Safe Harbor is a concept which has been around since 1999 that allows plans to automatically pass nondiscrimination testing. A Safe Harbor 401(k) Plan requires that the plan sponsor make an employer contribution to the plan. There are two types of contributions to chose from: 1) a matching contribution using the formula of a 100% match of the first 3% plus 50% match of the next 2% of employee compensation deferred, or 2) a nonelective contribution that is 3% of compensation to all eligible employees, regardless of whether they make 401(k) contributions themselves. Both contributions are 100% vested immediately. Safe Harbor 401(k) plans that do not deposit any additional contributions in a plan year are also exempted from the top-heavy rules.

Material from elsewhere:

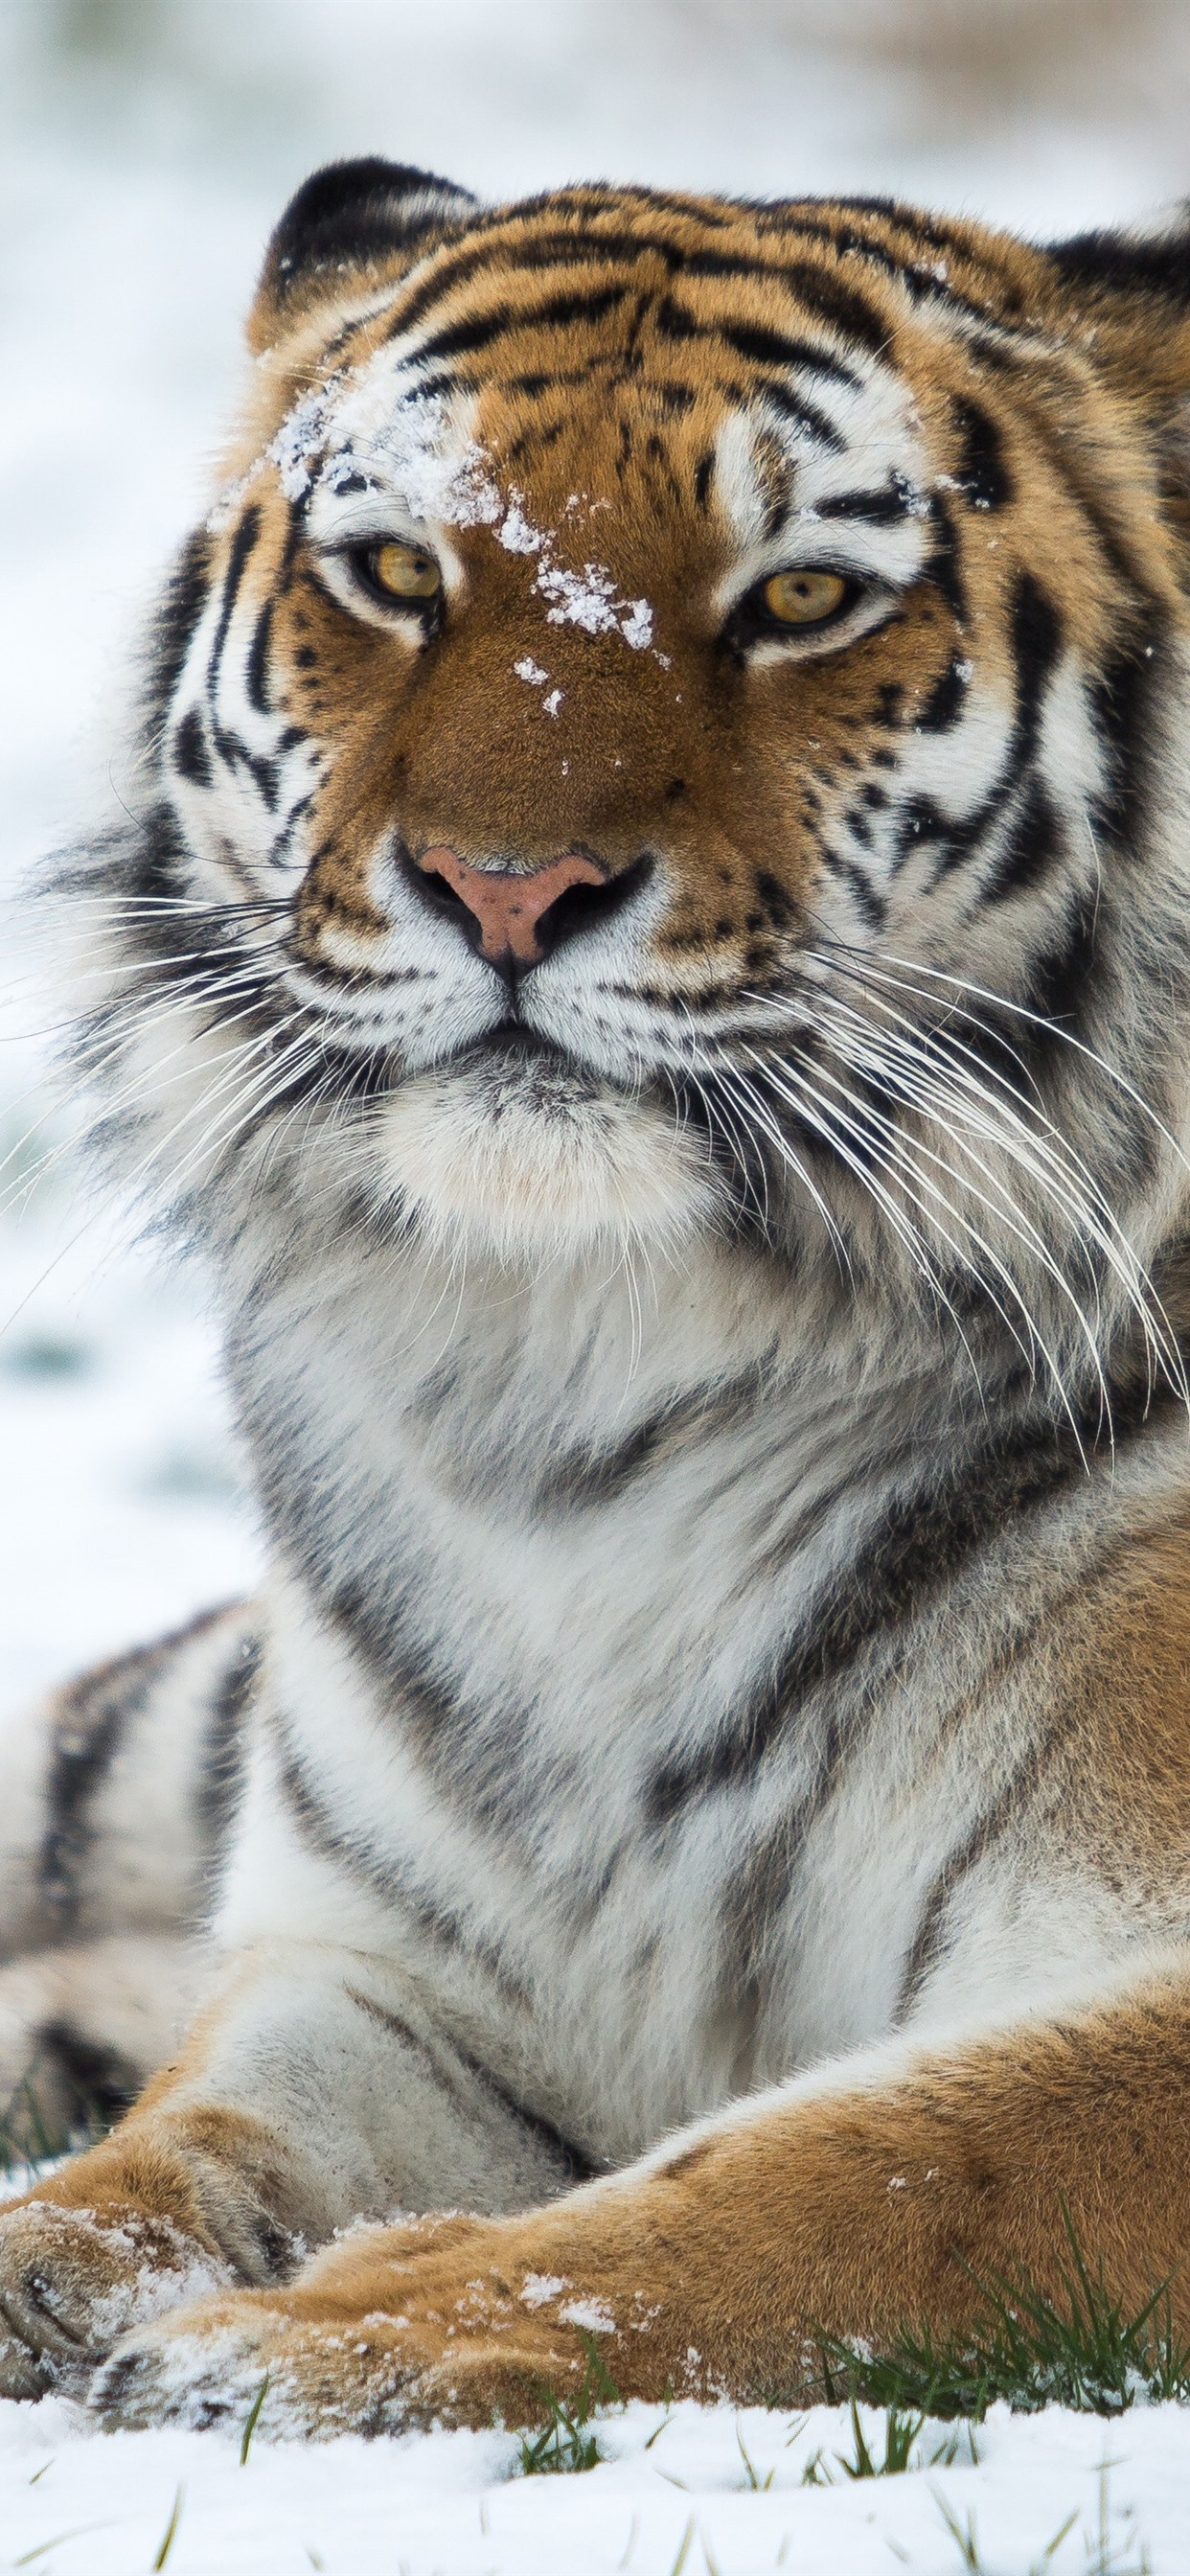 Tiger, wildlife, snow, winter 1242x2688 iPhone XS Max

The Internal Revenue Code sets limits on the amount that a participant can defer on a pre-tax or post-tax basis each year. For 2015 the limit is $18,000 and if the employee attains the age of 50 during the plan year, he can contribute an additional catch-up contribution of $6,000. Many owners and other highly compensated employees can not contribute these maximum 401(k) amounts each year due to the required nondiscrimination testing. One way to guarantee that the business owner and other highly compensated employees will be able to contribute the maximum 401(k) amount without testing issues is to adopt one of the Safe Harbor contribution options.

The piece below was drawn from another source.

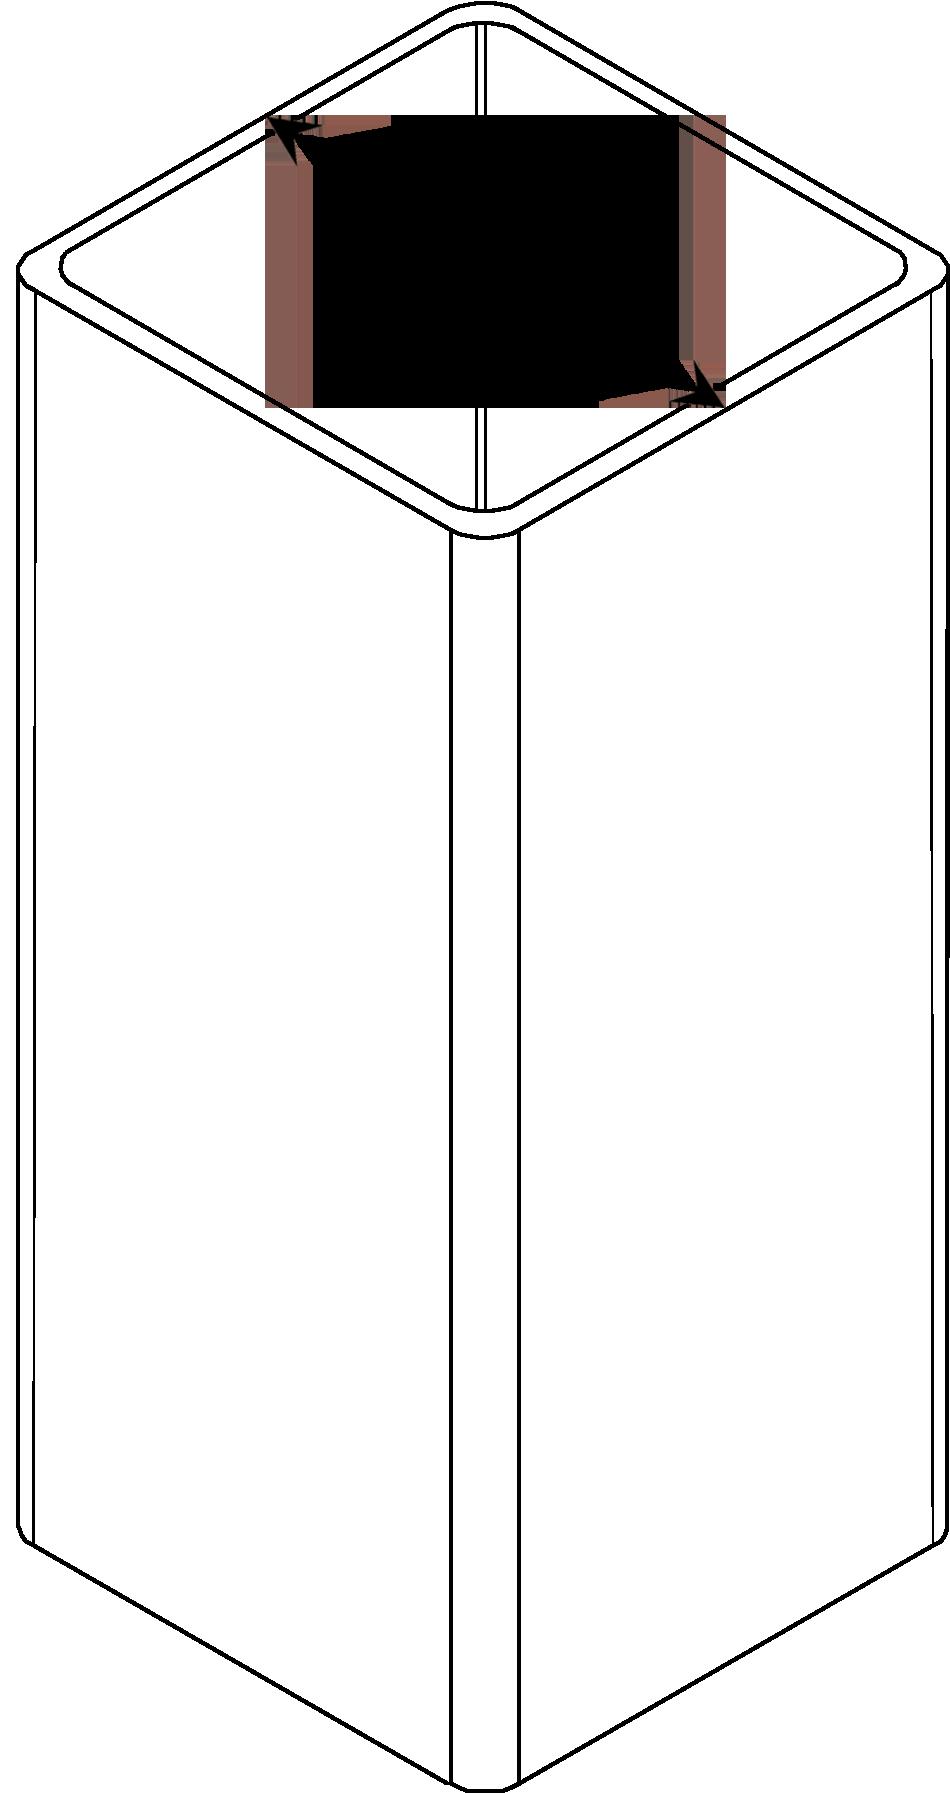 Vinyl Post External Measurement Diagram

Many plans may also be top-heavy and be required to contribute 3% of each participant’s entire year compensation if the owner and key employees are making 401(k) contributions during the year. If Safe Harbor is adopted and only the Safe Harbor contributions are being made, then only the Safe Harbor contributions are required and no top-heavy contributions are required. For the first year a participant becomes eligible, the top-heavy contribution must be calculated on full year compensation, but the safe harbor contribution may be calculated on compensation for only the time the participant was eligible, thus reducing the cost to the company. The Safe Harbor Match contribution may also be less than the contribution required under the top-heavy rules since the Safe Harbor Match is only being contributed for employees making their own 401(k) contributions.
Also, if the business owner utilizes Safe Harbor and has a spouse on the payroll, the spouse can contribute 100% of the spouse’s wages up to the annual limits to the plan without any testing issues.
This example includes options for a Safe Harbor Non-Elective 3% plan and a Safe Harbor Match plan.
|Option One||Option Two|
|Safe Harbor Non-Elective 3%||Safe Harbor Match|
|Percent to Owners||100%||47%||71%||48%|
In Option One we have demonstrated two business owners at different wage levels contributing the maximum 401(k) contribution amount of $18,000 plus $6,000 as a catch-up contribution by utilizing the Safe Harbor Non-Elective 3% contribution. Under this scenario the business owners receive 47% of the employer contributions. The Safe Harbor Non-Elective 3% contribution can also be easily combined with additional Profit Sharing contributions in a cross-tested plan, see Cross Tested 401(k) Plan article here.
Some business owners only want to make contributions for those employees who are contributing to their own retirement. The Safe Harbor Matching contribution is a great option for them to use. In Option Two we have demonstrated all of the employees contributing 5% of compensation and receiving the Safe Harbor Match. Under this scenario, the business owners can again contribute up to the annual limit of $18,000 plus $6,000 as a catch-up contribution for 2015. The matching contributions for the employees are affordable and each business owner contributes the maximum amount allowed. The business owners receive 48% of the matching contributions.
Safe harbor 401(k) plans must satisfy certain notice requirements. The notice requirements are satisfied if each eligible employee for the plan year is given written notice of the employee's rights and obligations under the plan and the notice satisfies the content and timing requirements.
In order to satisfy the content requirement, the notice must describe the safe harbor method in use, how eligible employees make elections, any other plans involved. The timing requirement requires that the employer must provide notice within a reasonable period before each plan year. This requirement is deemed to be satisfied if the notice is provided to each eligible employee at least 30 days and not more than 90 days before the beginning of each plan year. Thus, in order for a company to adopt safe harbor for a calendar year plan, the plan must be amended and notice must be given to the employees at least 30 days prior to the beginning of the plan year, or by December 1 for calendar year plans.